What to do:
Please give back each line below unchanged; none of the pictures should appear.

Given material:

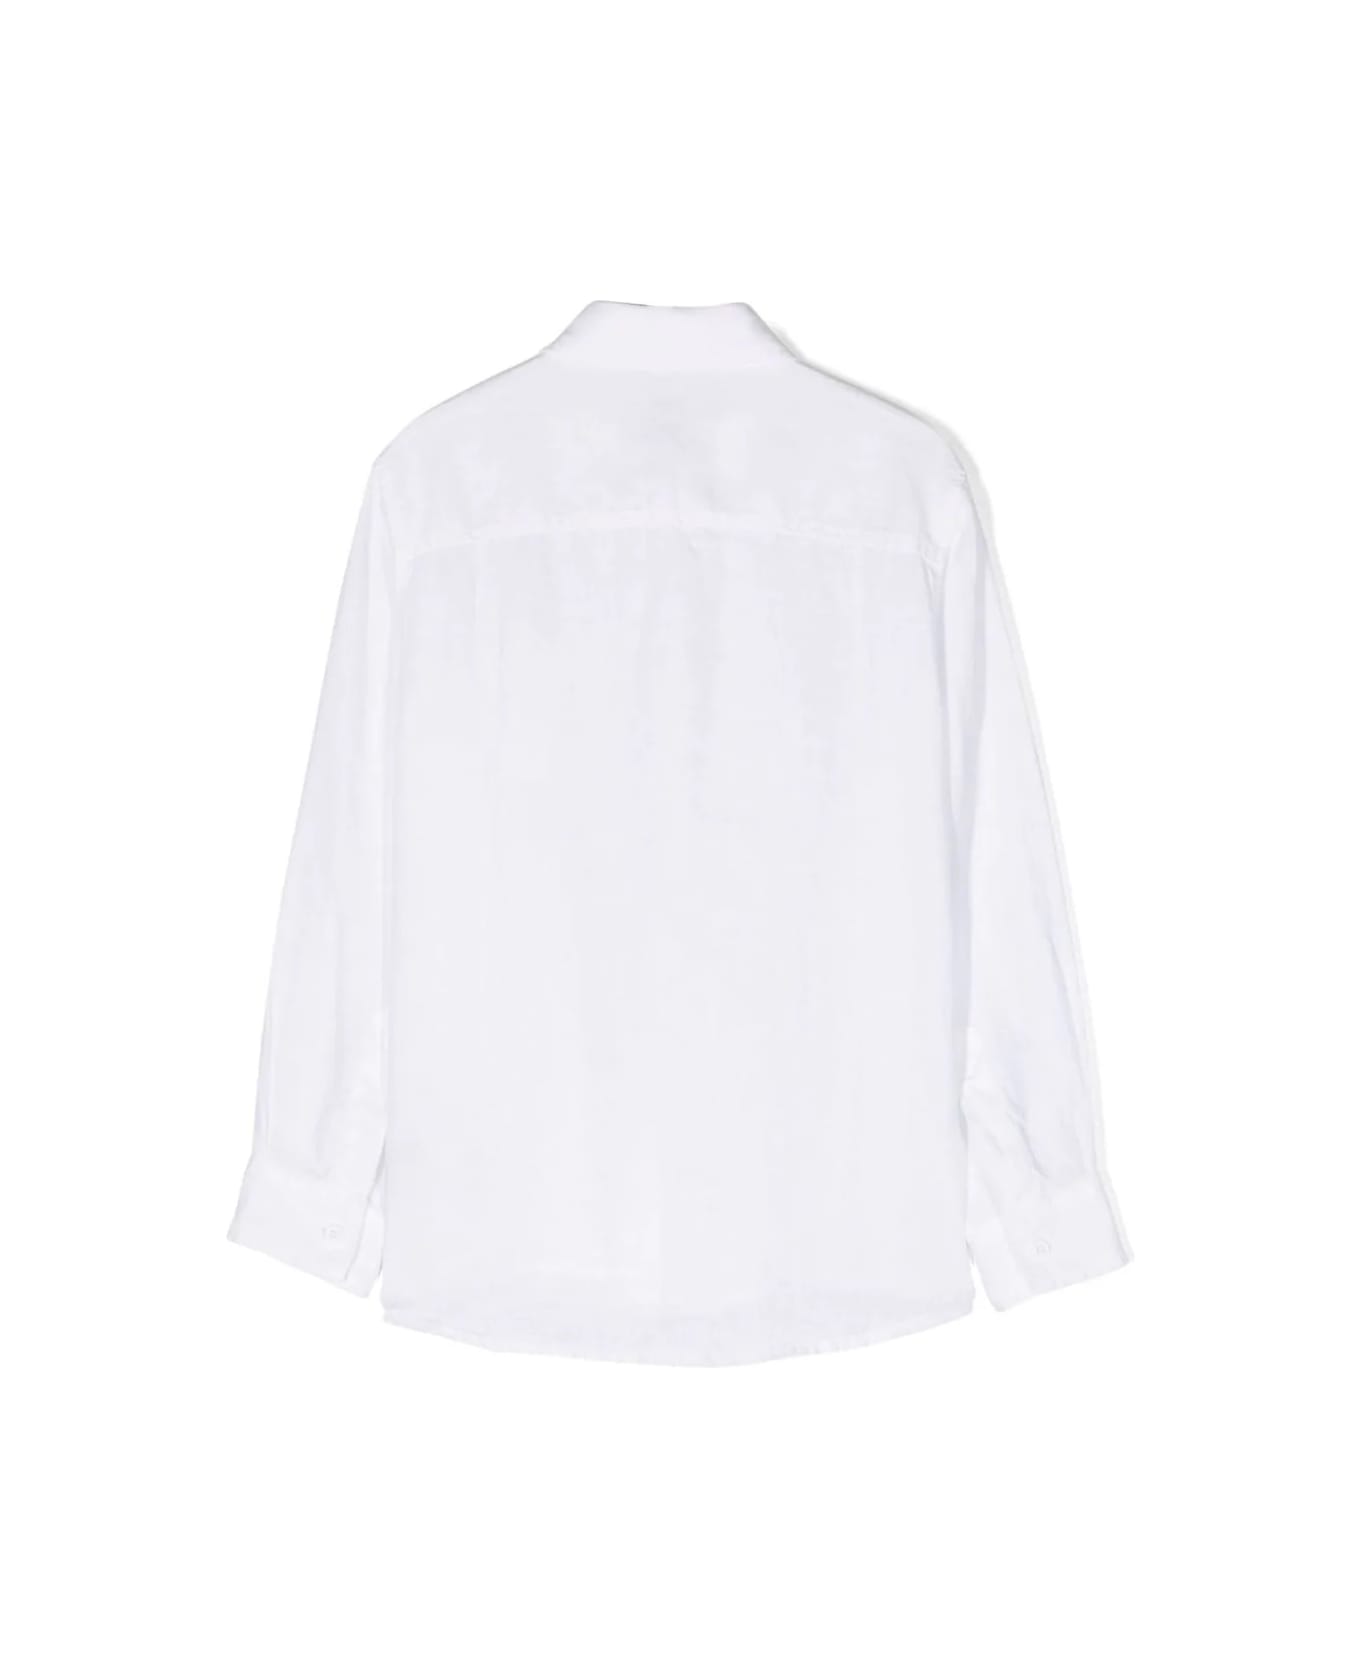 Il Gufo White Linen Shirt With Pocket - Bianco シャツ
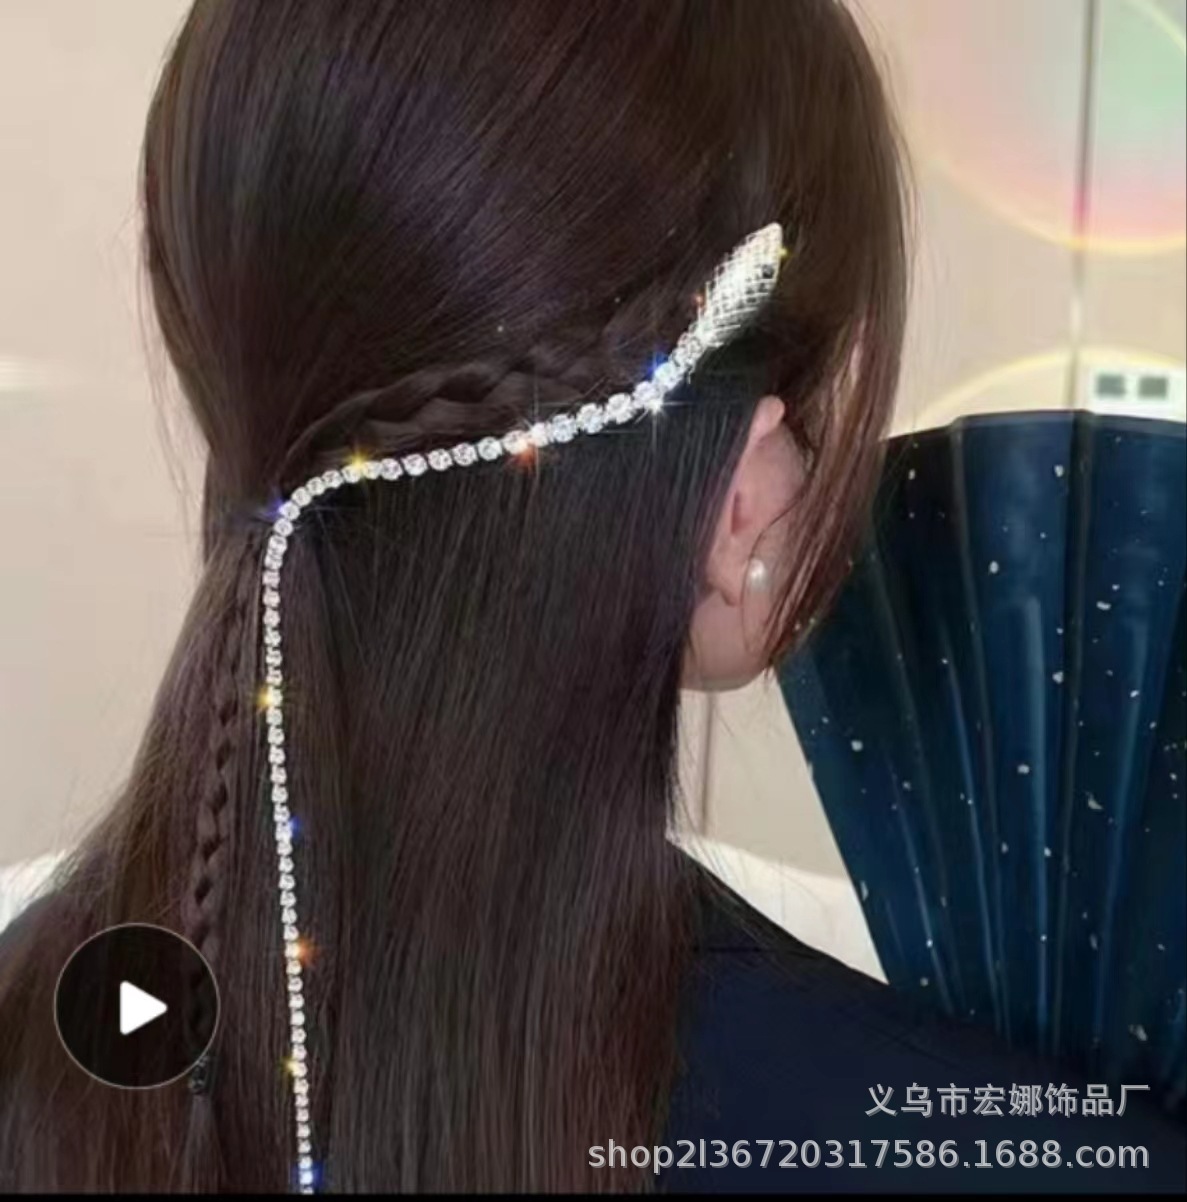 Snake-Shaped Barrettes 2022 New Rhinestone Tassel Hair Accessories Personality Trend Women's Headdress Fashion Zodiac Rhinestone Hair Chain
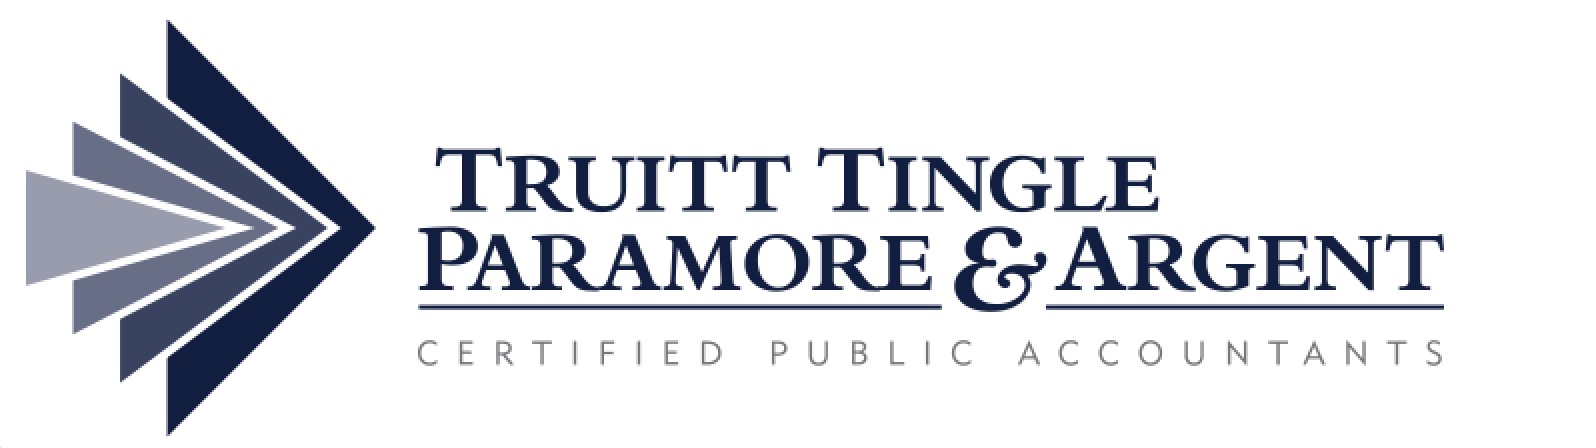 Truitt Tingle Paramore & Argent

Output for this exercise:
 Il Gufo White Linen Shirt With Pocket - Bianco シャツ
 Snake-Shaped Barrettes 2022 New Rhinestone Tassel Hair Accessories Personality Trend Women's Headdress Fashion Zodiac Rhinestone Hair Chain
 Truitt Tingle Paramore & Argent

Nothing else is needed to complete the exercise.